Tonight I gave in and binged. I haven’t binged and purged for a month so it is sad but inevitable at the same time. I came home from ballet starving and exhausted; what’s new? Things at work are so bad right now that I am thinking of resigning and the stress is making me feel unwell. I have had a migraine every day for a week and all I want to do is eat my feelings of frustration, despair and resentment. I did just that tonight.
My boyfriend took me out for Thai food and I grumbled about work for an hour while I stuffed my face with coconut rice, tofu and vegetables. When I had finished my rice, I took my boyfriend’s unfinished bowl and inhaled it. He didn’t say anything but he knew that behaviour was odd. I didn’t make a conscious decision to lose it and binge, but at some point I realized I was dishing up my fourth helping of food and I was too far gone to stop.

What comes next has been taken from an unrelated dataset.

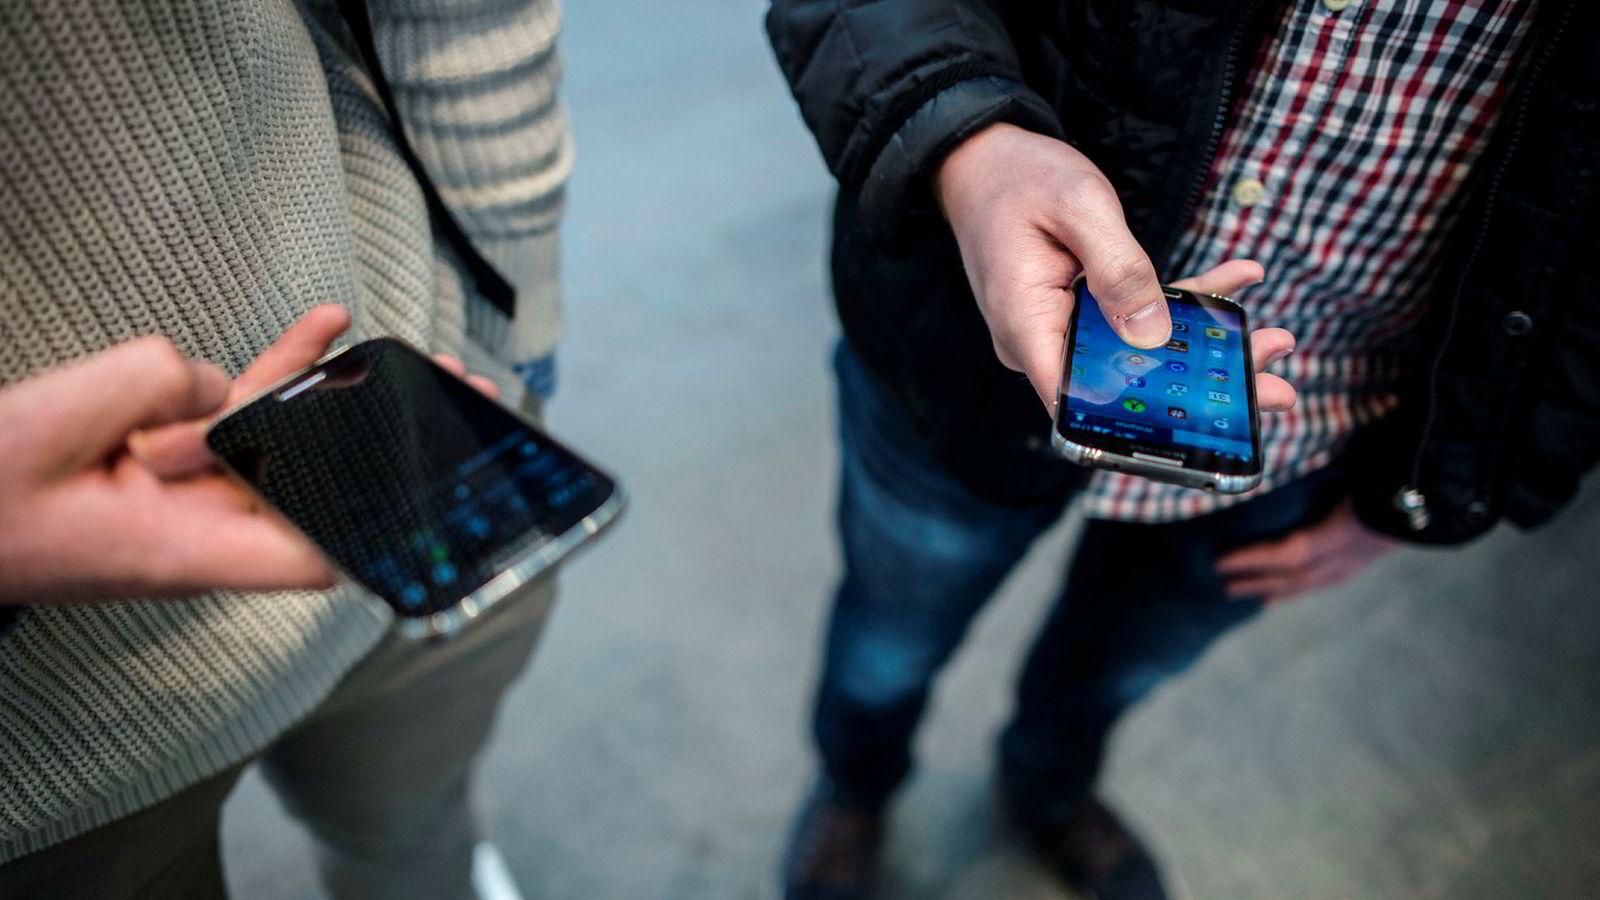 Mobilsalget faller, men folk kjøper dyrere mobiler.
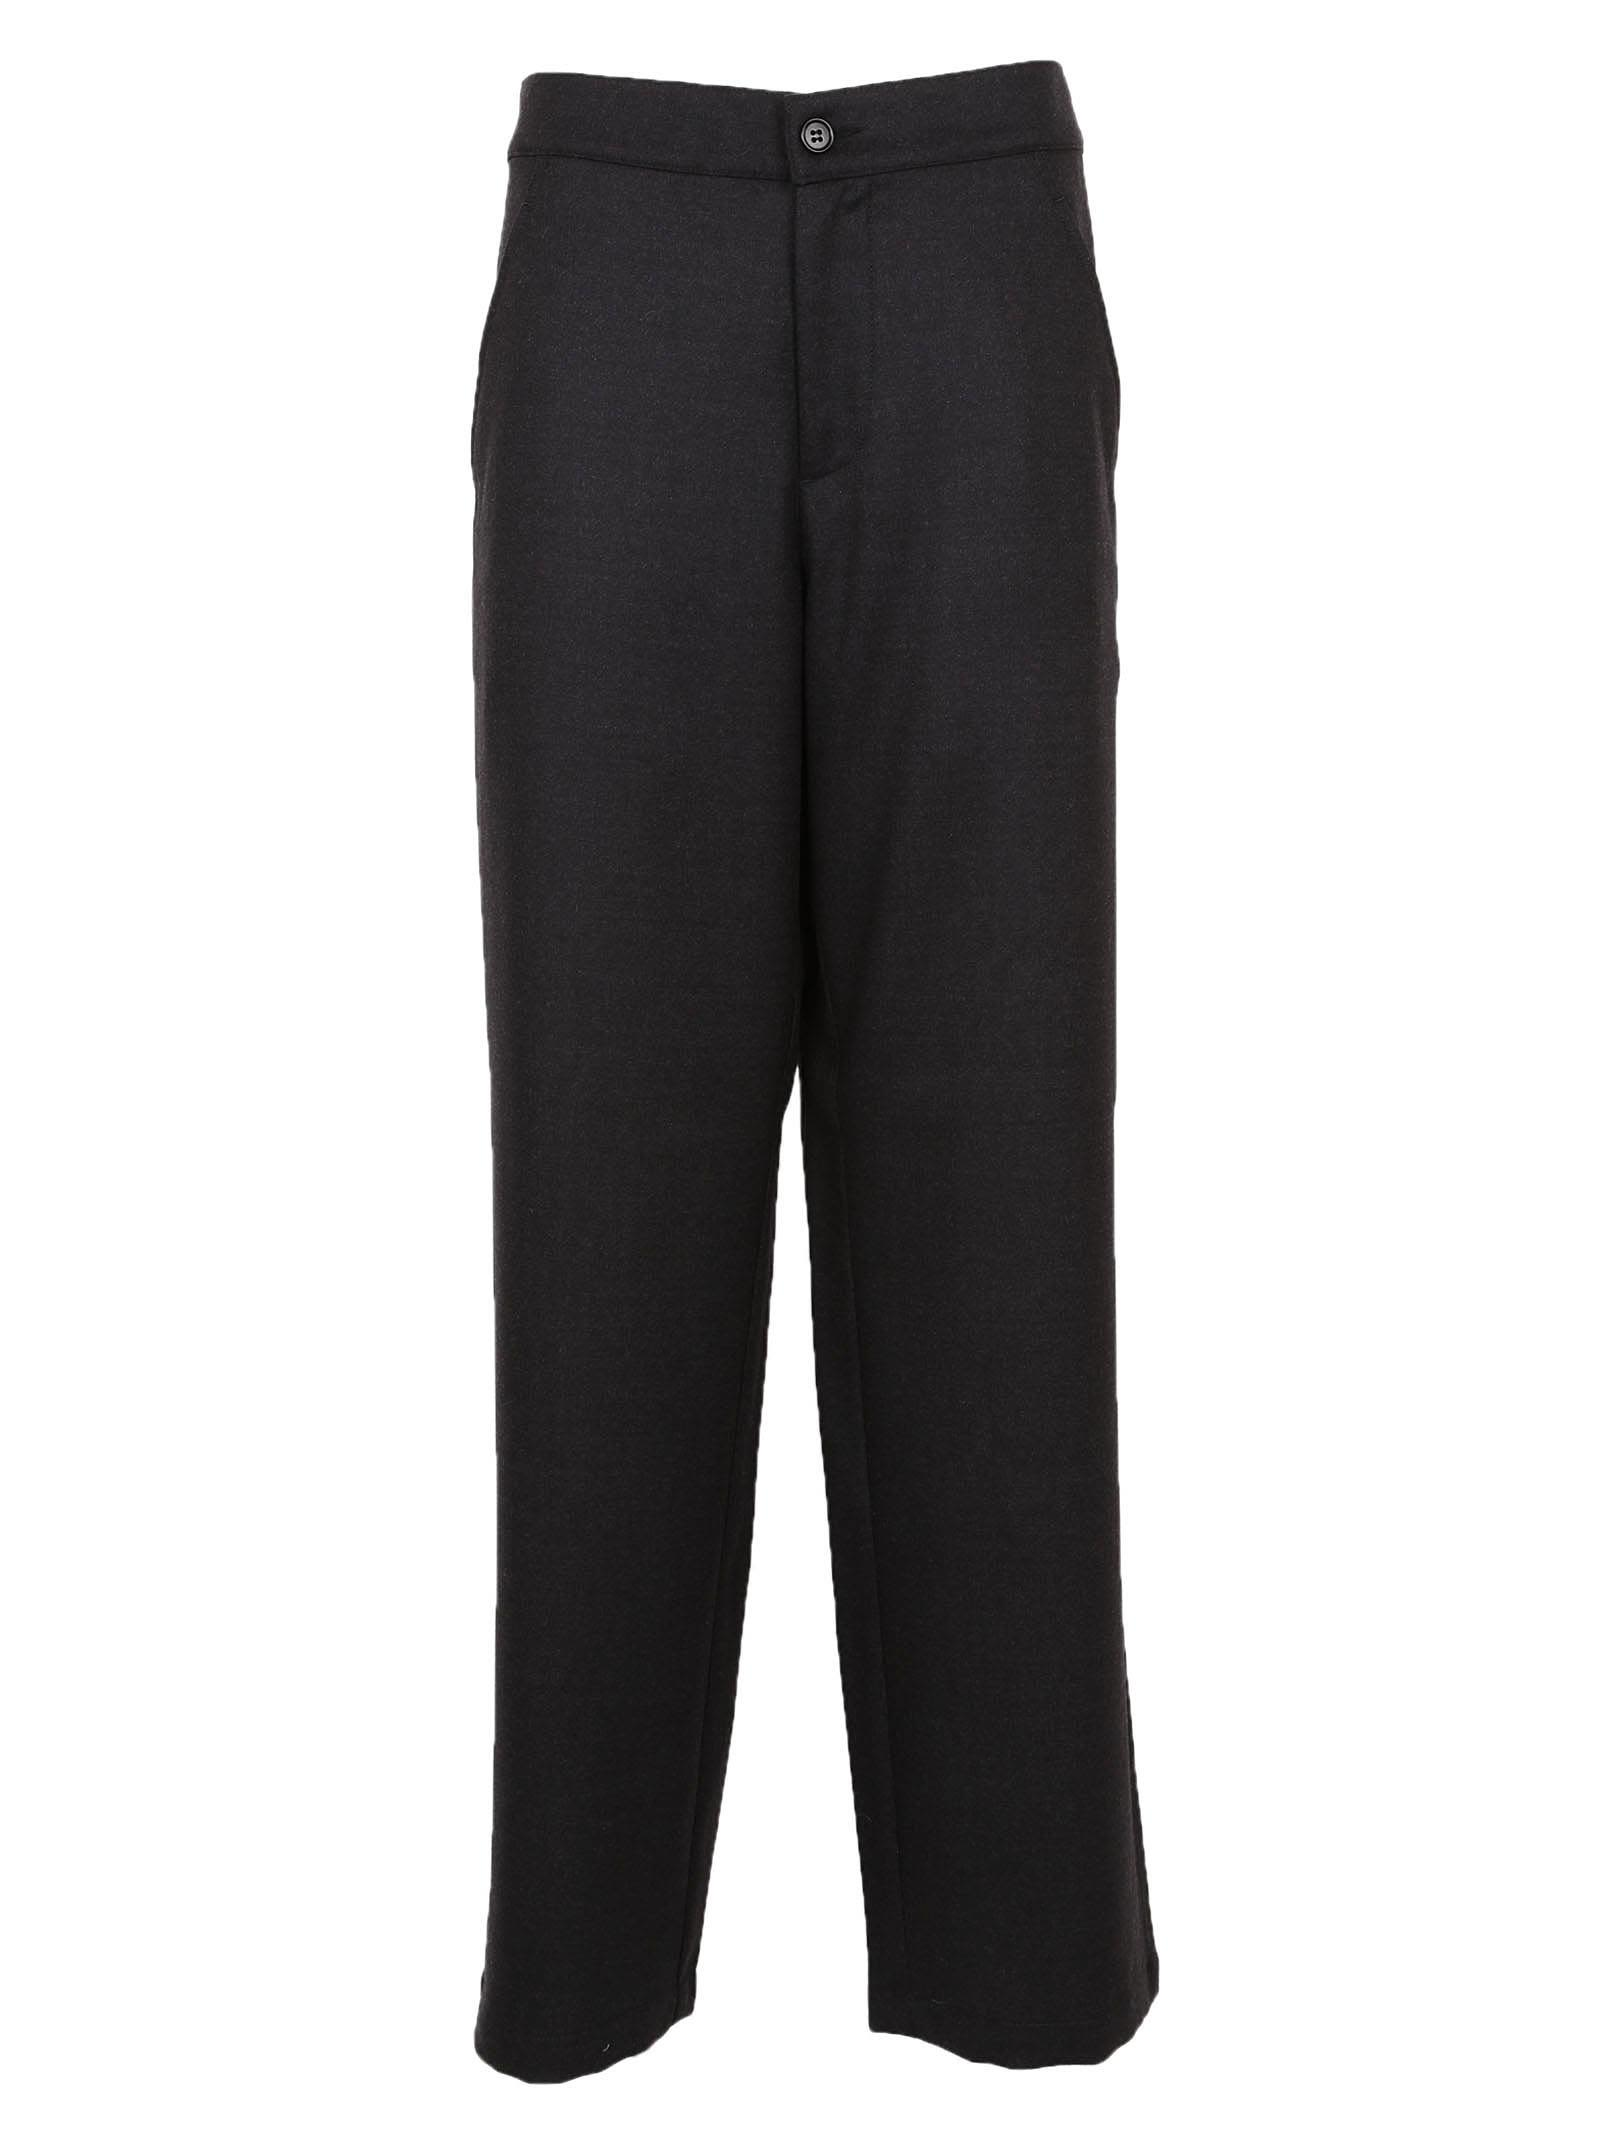 Barena Venezia Straight Leg Trousers

Now I’m sitting at home with a bowl of ice cream and Baileys. There is only one place that this is going to end and that is with me throwing up because I couldn’t sit here and accept that I have overeaten and just live with it. I won’t give up over this slip up though. Instead, I will try tomorrow to get back on track as if it never happened rather than letting it be my ticket to a binge-purge-starve cycle. I know I will feel horrible tomorrow, both physically and mentally. Perhaps that will be enough to spur me back to ‘healthy’ eating for another month.